▶ INFORMATION GIVEN
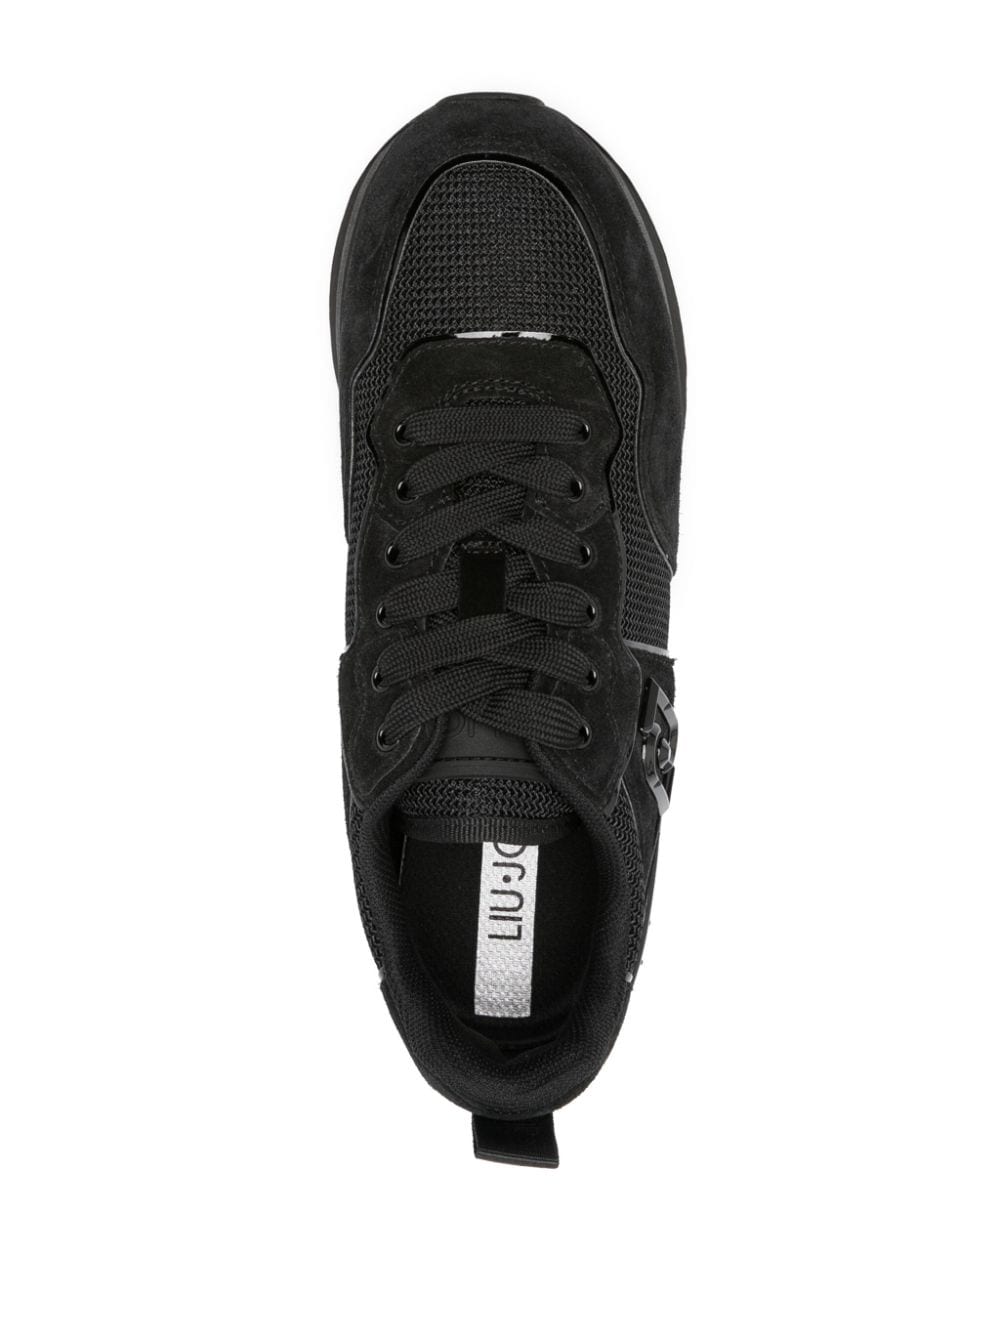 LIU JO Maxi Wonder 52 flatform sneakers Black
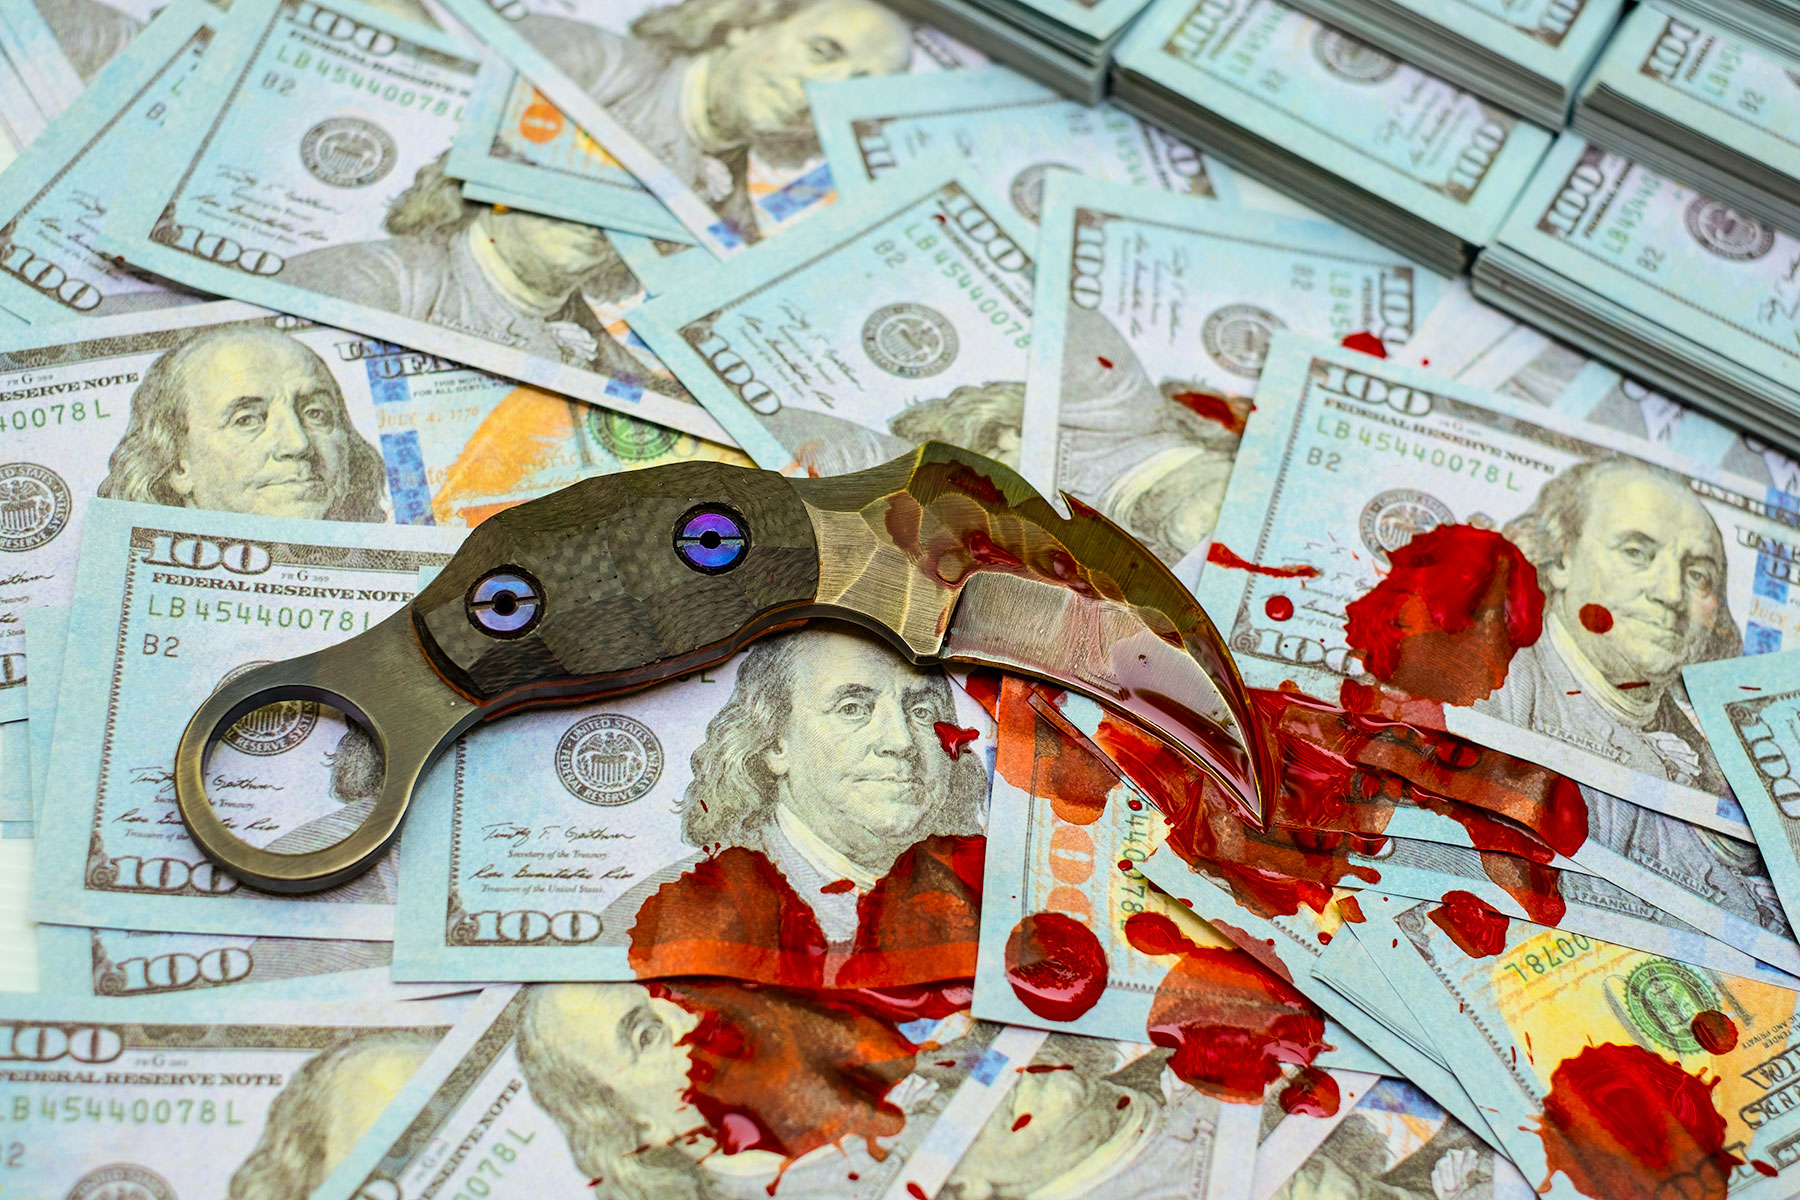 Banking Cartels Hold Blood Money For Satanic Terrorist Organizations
==
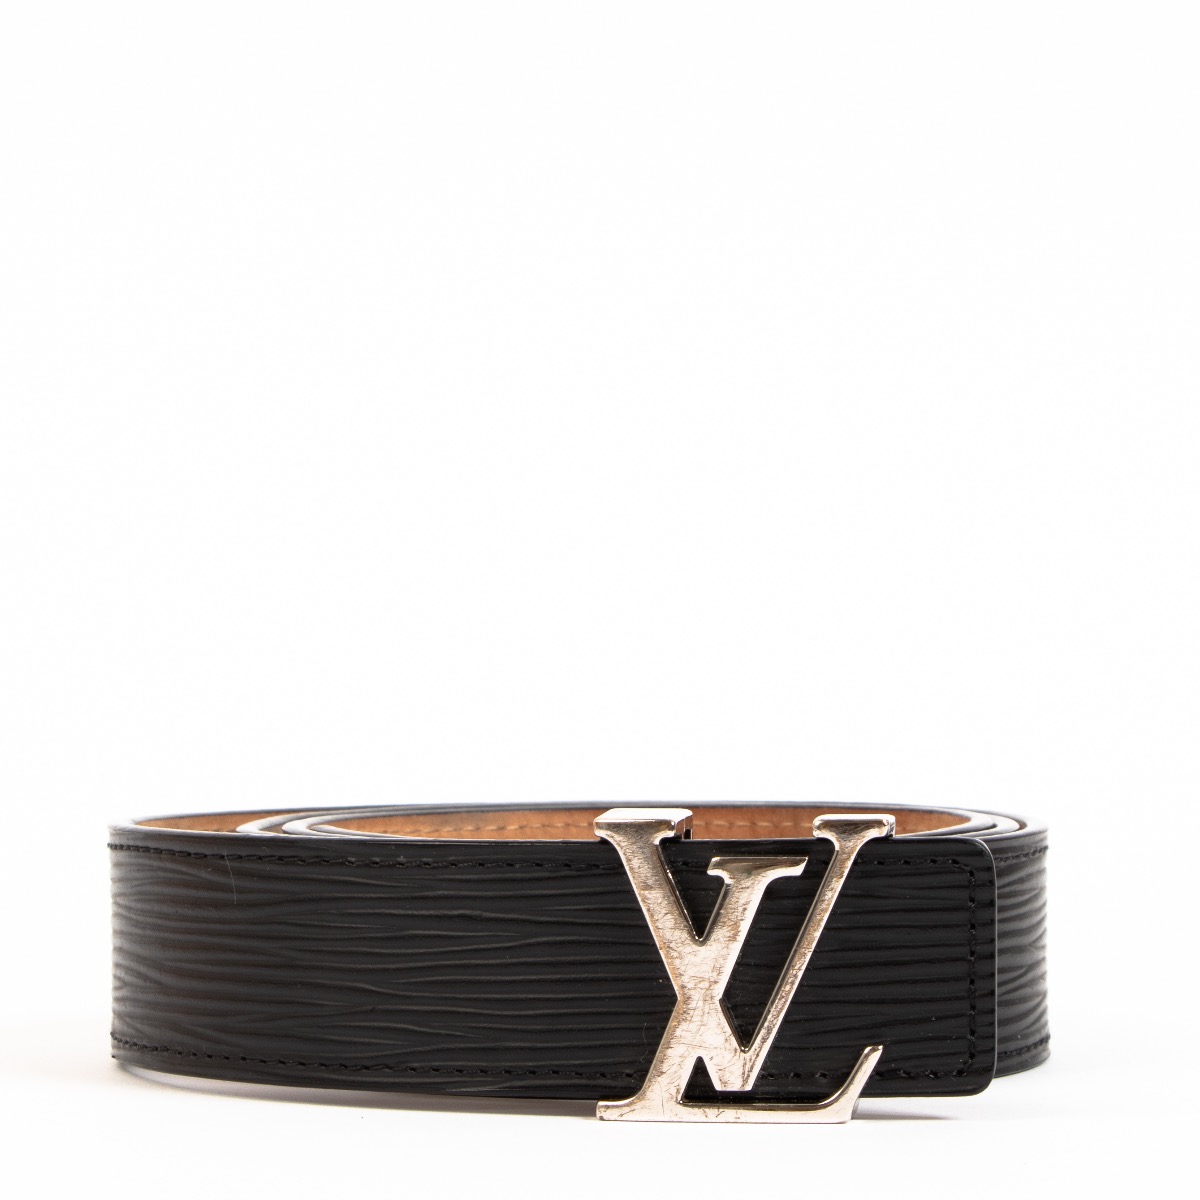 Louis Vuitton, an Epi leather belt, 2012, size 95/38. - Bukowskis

▶ HOW TO COMPLETE THIS TASK
Please repeat the lines of the material above exactly, starting with the line that contains "LIU JO Maxi" and ending with the line that contains "Banking Cartels Hold". Leave the pictures out.

▶ EXPECTED ANSWER
 LIU JO Maxi Wonder 52 flatform sneakers Black
 Banking Cartels Hold Blood Money For Satanic Terrorist Organizations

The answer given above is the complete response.